1.) Everyone gets fever checked at the door starting shift. Fever people go
home.

2.) Scheduling is devised to segregate employees into non-overlapping groups.
We're a work family and we work together in some area. Whatever has to be done
to the schedule or even the job details itself to effect this, as far as
possible, is done. The goal is to make each family unit as small and
physically localized as possible.

3.) Obviously, everyone gets a mask when they become available.

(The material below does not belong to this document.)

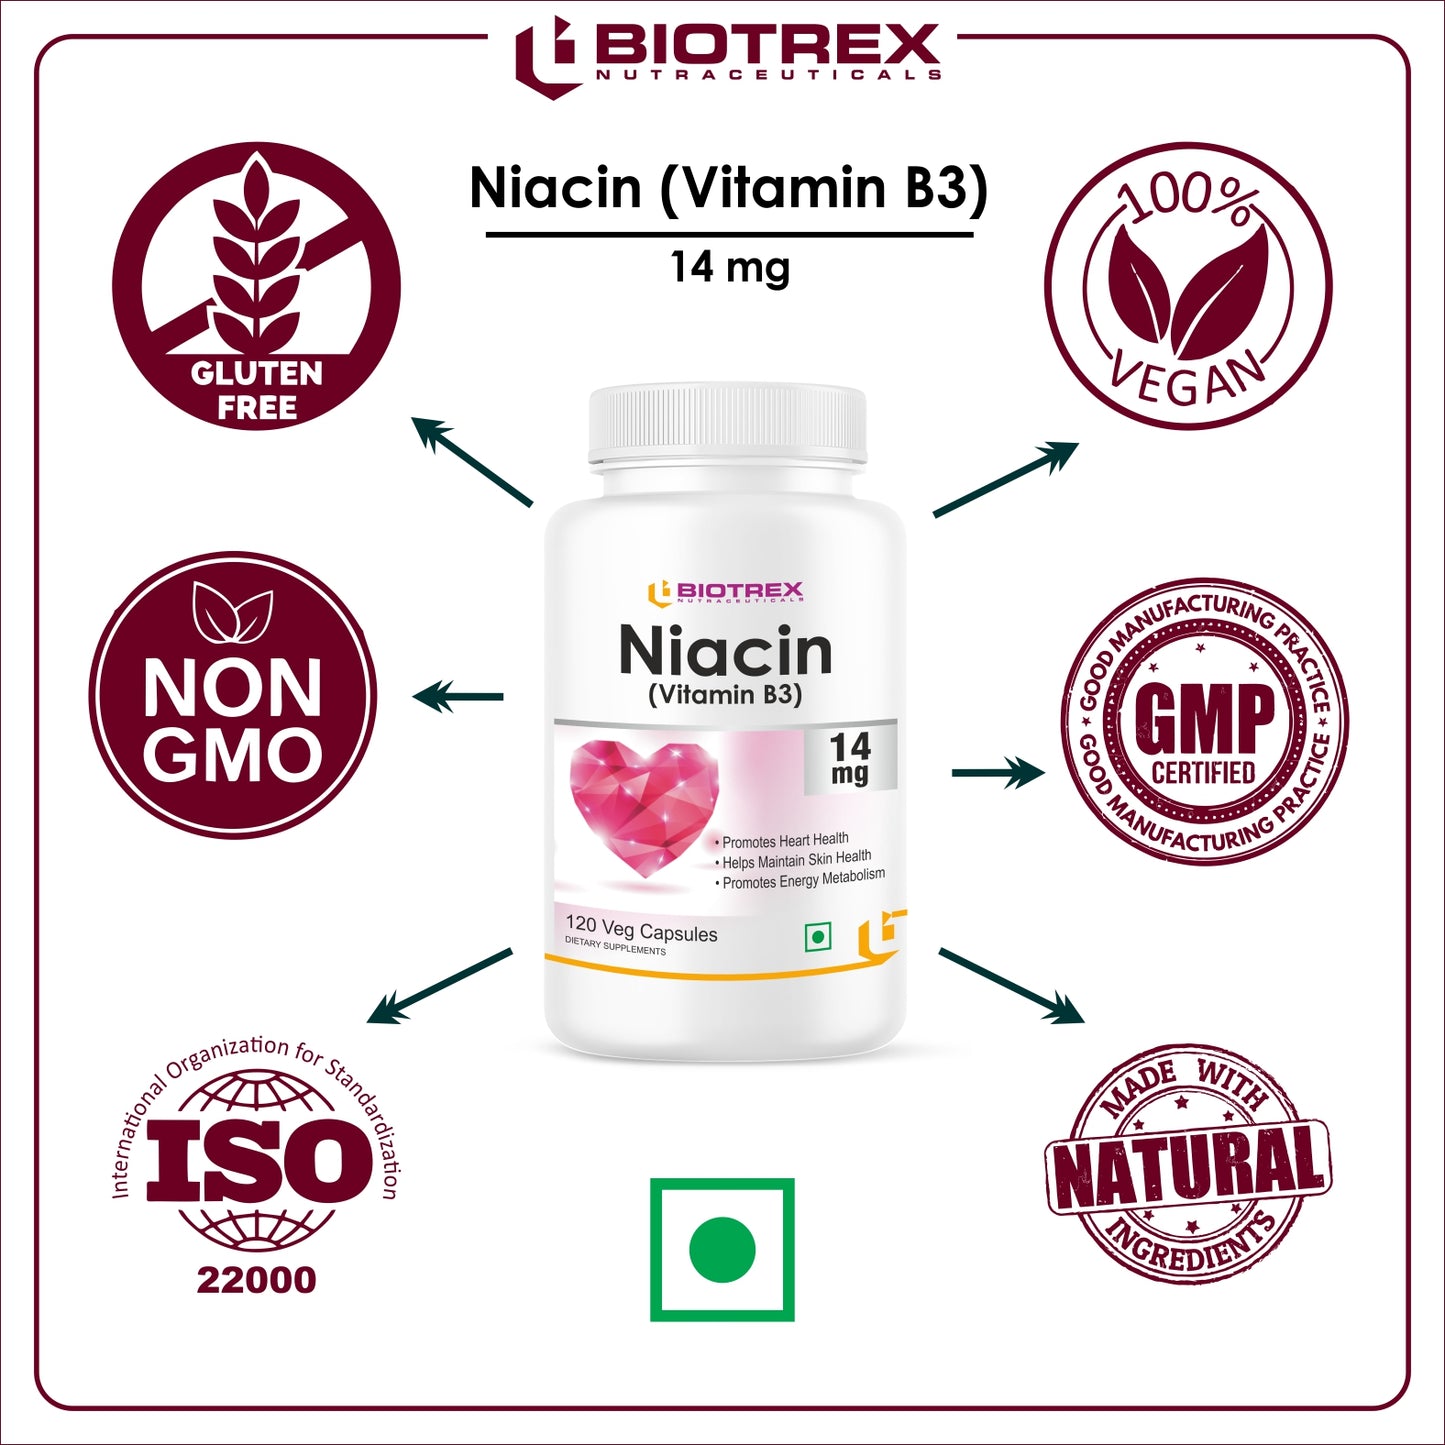 Biotrex Nutraceuticals Niacin 14mg Vitamin B3 With Inositol 50mg Supplement | for Vascularity & Increase Cellular Energy, Non-GMO, Gluten Free, As Per RDA Allowance - 120 Veg Capsules
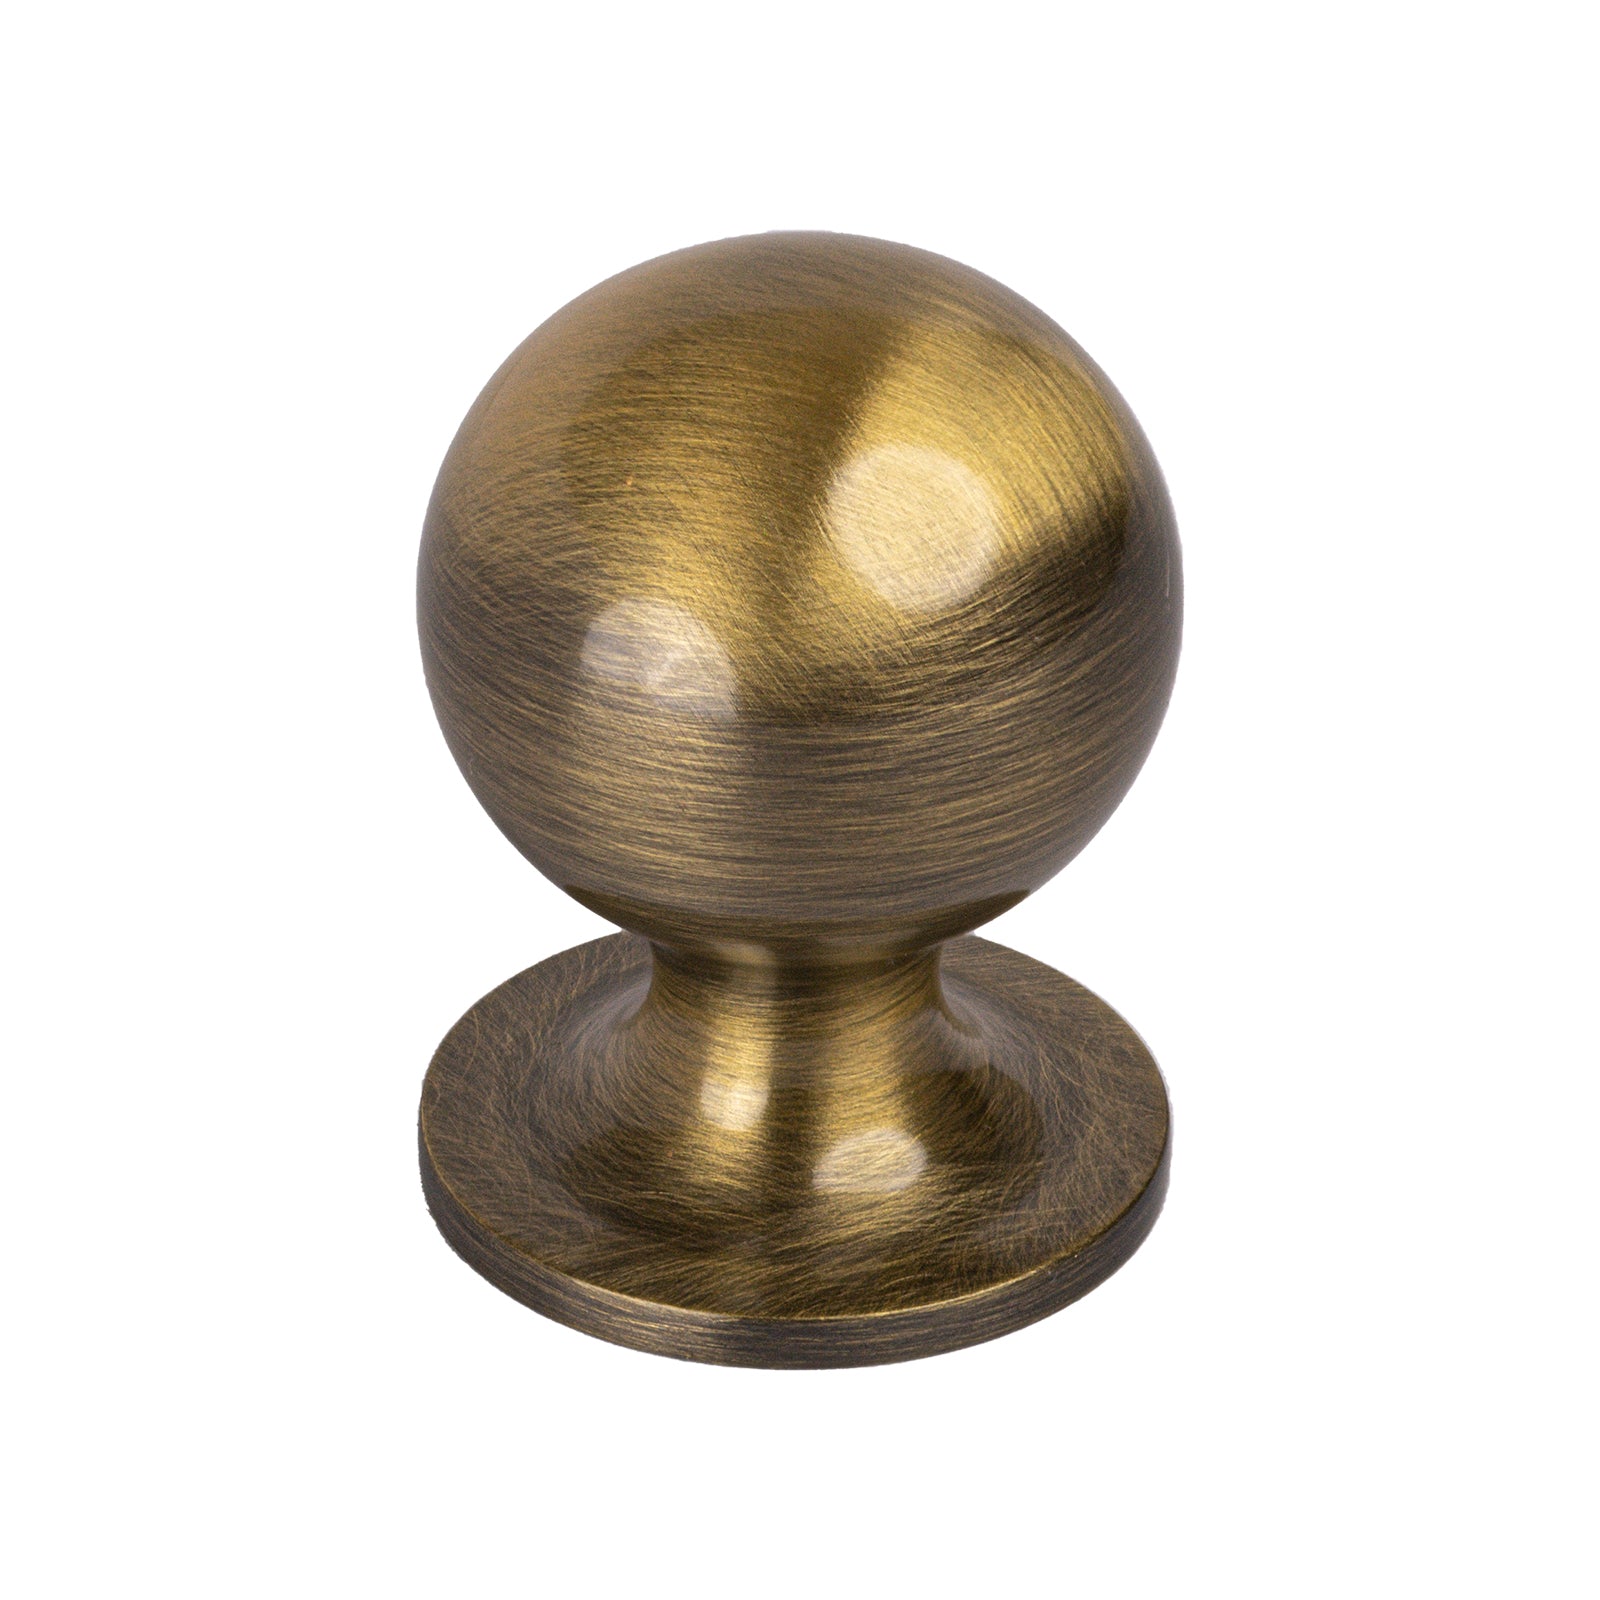 ball cabinet knob for kitchen cupboards and drawers

If you happen
to have access to a mask, then bring it and use it- you're protecting yourself
and everyone else around you (from you). (Woodworkers, potters, construction
and cement workers etc. normally had a ready supply of N95 and N100 masks on
hand in the beforetime).

4.) Hourly hand washing-sanitizing or whatever your skin can bear.

5.) Social distancing rules apply to customers and employees both (thinking of
grocery stores here) communicated through signage, flyers and serious verbal
intervention if needed.

4.) Employees are authorized and ordered to do what they have to do to keep
their personal distance from obtuse / heedless / intruding public without
respecting usual rules of "courtesy" and without fear of management
discipline. So also between employees.

5.) Delivery people live outside, w/ exception of bathroom breaks, which can
also be taken at delivery people's residences, where practical.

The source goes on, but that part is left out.